De heer Barrot, vice-voorzitter, verklaarde dat om de problemen te kunnen aanpakken van het maritiem vervoer, de eerste sector waarin de activiteiten gemondialiseerd zijn, en eerlijke regels te definiëren voor alle partijen, een mondiaal antwoord nodig is. Hij uitte de wens dat de lidstaten zo spoedig mogelijk starten met de procedures voor de ratificatie van het verdrag en dat de sociale partners actie ondernemen voor de tenuitvoerlegging ervan op Europees niveau.

De Europese Commissie heeft het proces van meet af aan gesteund en wil zich nu inzetten voor een snelle inwerkingtreding van het verdrag en de daadwerkelijke tenuitvoerlegging ervan in de Europese Unie. Zij heeft een ontwerpbeschikking van de Raad voorgesteld waarbij de lidstaten worden gemachtigd het verdrag te ratificeren met de aanbeveling de ratificaties vóór december 2008 af te sluiten en wil de sociale partners raadplegen met betrekking tot twee vraagstukken: hoe kan het communautair acquis worden ontwikkeld om rekening te houden met de bepalingen van het verdrag en zou een overeenkomst met de sociale partners in de zin van artikel 139^ van het Verdrag kunnen worden overwogen? Gezien de aard van deze thematiek is de sociale dialoog een fundamenteel instrument voor de ontwikkeling van doeltreffende middelen voor de tenuitvoerlegging, met inbegrip van de mogelijkheid om de bepalingen van het verdrag in het Gemeenschapsrecht op te nemen.

In het geconsolideerde verdrag betreffende maritieme arbeid worden ongeveer 65 internationale normen op het gebied van maritieme arbeid die sedert de oprichting van de IAO in 1919 zijn goedgekeurd, bijeengebracht en bijgewerkt.

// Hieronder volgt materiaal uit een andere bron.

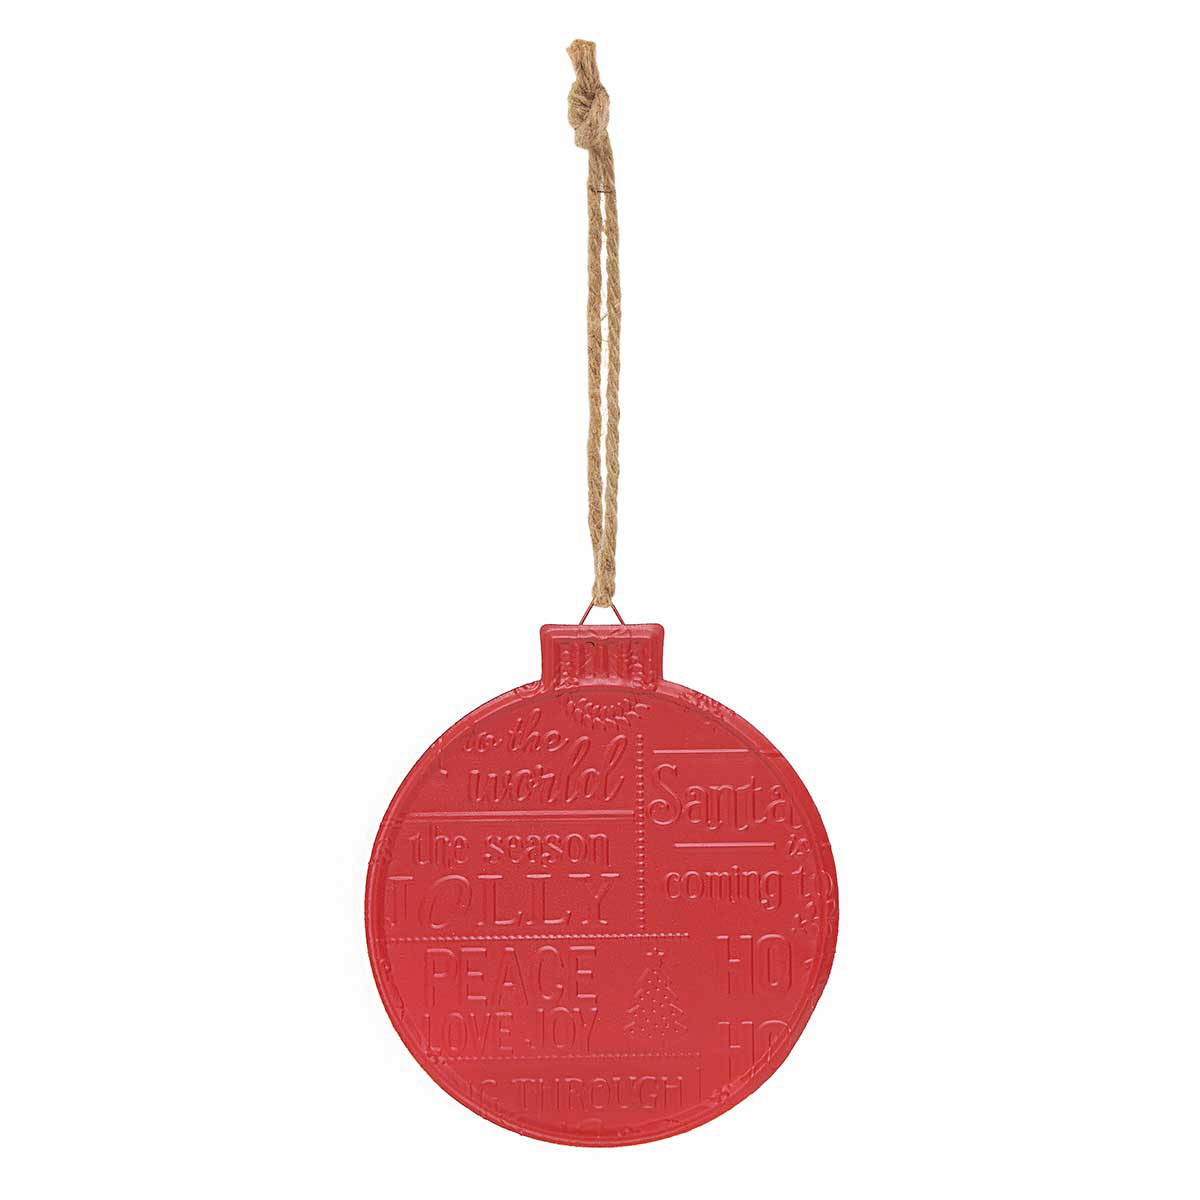 ORNAMENT CHRISTMAS ROUND RED 7IN X 7.75IN

In het verdrag, dat kan worden beschouwd als een maritieme arbeidscode, worden tal van onderwerpen behandeld waarvoor de Gemeenschap uitsluitend of samen met de lidstaten bevoegd is. Het verdrag zal van toepassing zijn op personeel aan boord van vaartuigen met een bruto tonnage van 500 ton of meer op de internationale vaart of op trajecten tussen buitenlandse havens. Het verdrag bestrijkt fundamentele punten zoals de arbeidsvoorwaarden en werkomstandigheden van zeevarenden, met inbegrip van gezondheid, veiligheid, minimumleeftijd, aanwerving, werktijden en accommodatie aan boord en sociale bescherming om behoorlijke leef- en arbeidsomstandigheden aan boord van schepen te garanderen.

Voorts worden met het oog op de toepassing van het verdrag de verantwoordelijkheden, zowel voor de vlaggestaten als voor de havenstaten en de staten die werknemers leveren, vastgesteld.

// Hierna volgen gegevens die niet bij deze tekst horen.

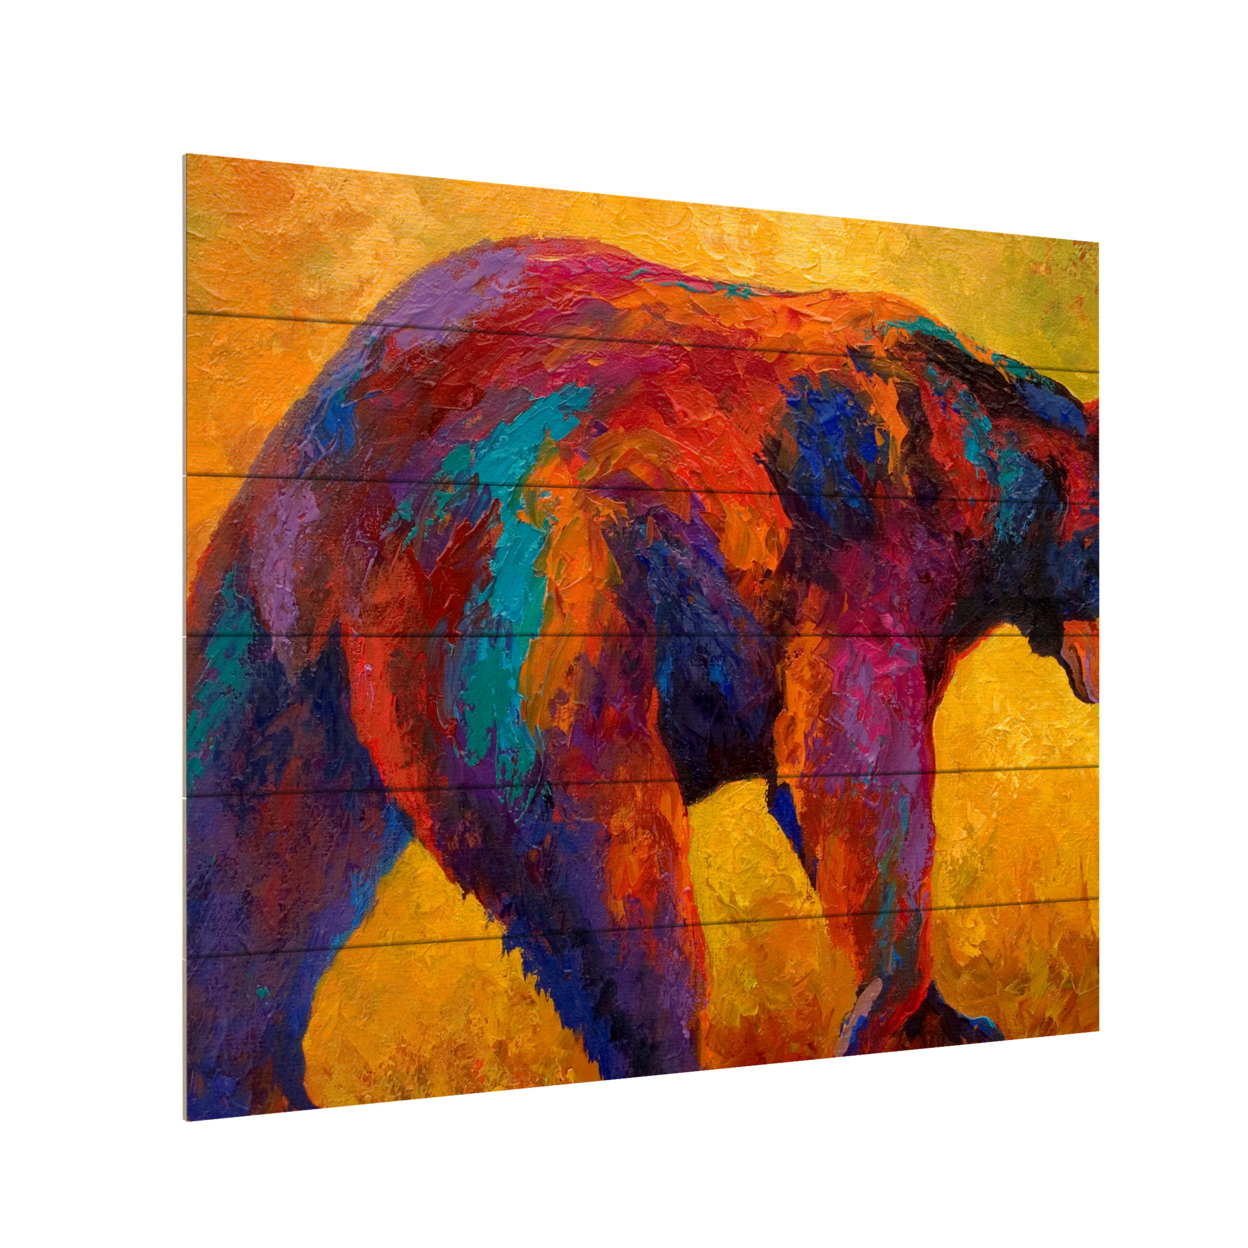 Wooden Slat Art 18 X 22 Inches Titled Daily Rounds Black Bear Ready To Hang Home Decor Picture

Het verdrag betreffende maritieme arbeidsnormen beoogt tevens oneerlijke concurrentie tegen te gaan door een "geen gunstiger behandeling"-clausule op te nemen die belet dat vaartuigen van een staat die het verdrag niet heeft geratificeerd, beter zouden worden behandeld dat vaartuigen die de vlag voeren van een staat die dit wel heeft gedaan. Vaartuigen van landen die het verdrag ratificeren en hun zeevarenden behoorlijke arbeidsomstandigheden bieden, zullen beschermd worden tegen oneerlijke concurrentie van vaartuigen die niet aan de normen voldoen met behulp van een systeem van certificering dat tevens het risico vermindert van langdurige vertragingen als gevolg van inspecties in buitenlandse havens.


1) Snelle ratificatie aanmoedigen

De bepalingen van het verdrag komen voor het grootste deel overeen met de bevoegdheden die de Gemeenschap en de lidstaten delen, maar het verdrag omvat ook expliciete bepalingen met betrekking tot de coördinatie van de stelsels voor sociale zekerheid, een gebied waarvoor de Gemeenschap uit hoofde van Verordening 1408/71^ uitsluitend bevoegd is. Op grond van de vaste jurisprudentie^ van het Hof van Justitie staat het de lidstaten niet vrij een internationaal verdrag te ratificeren dat betrekking heeft op een gebied waar de Gemeenschap uitsluitend bevoegd is. Dit betekent, juridisch gezien, dat de Raad een beschikking moet vaststellen waarbij de lidstaten worden gemachtigd het verdrag te ratificeren.

Zodra een dergelijke beschikking is goedgekeurd, zullen de lidstaten onmiddellijk de ratificatieprocedure kunnen starten. Het verdrag kan alleen in werking treden indien het geratificeerd is door ten minste 30 staten die ten minste 33% vertegenwoordigen van het bruto tonnage van de volledige koopvaardijvloot wereldwijd.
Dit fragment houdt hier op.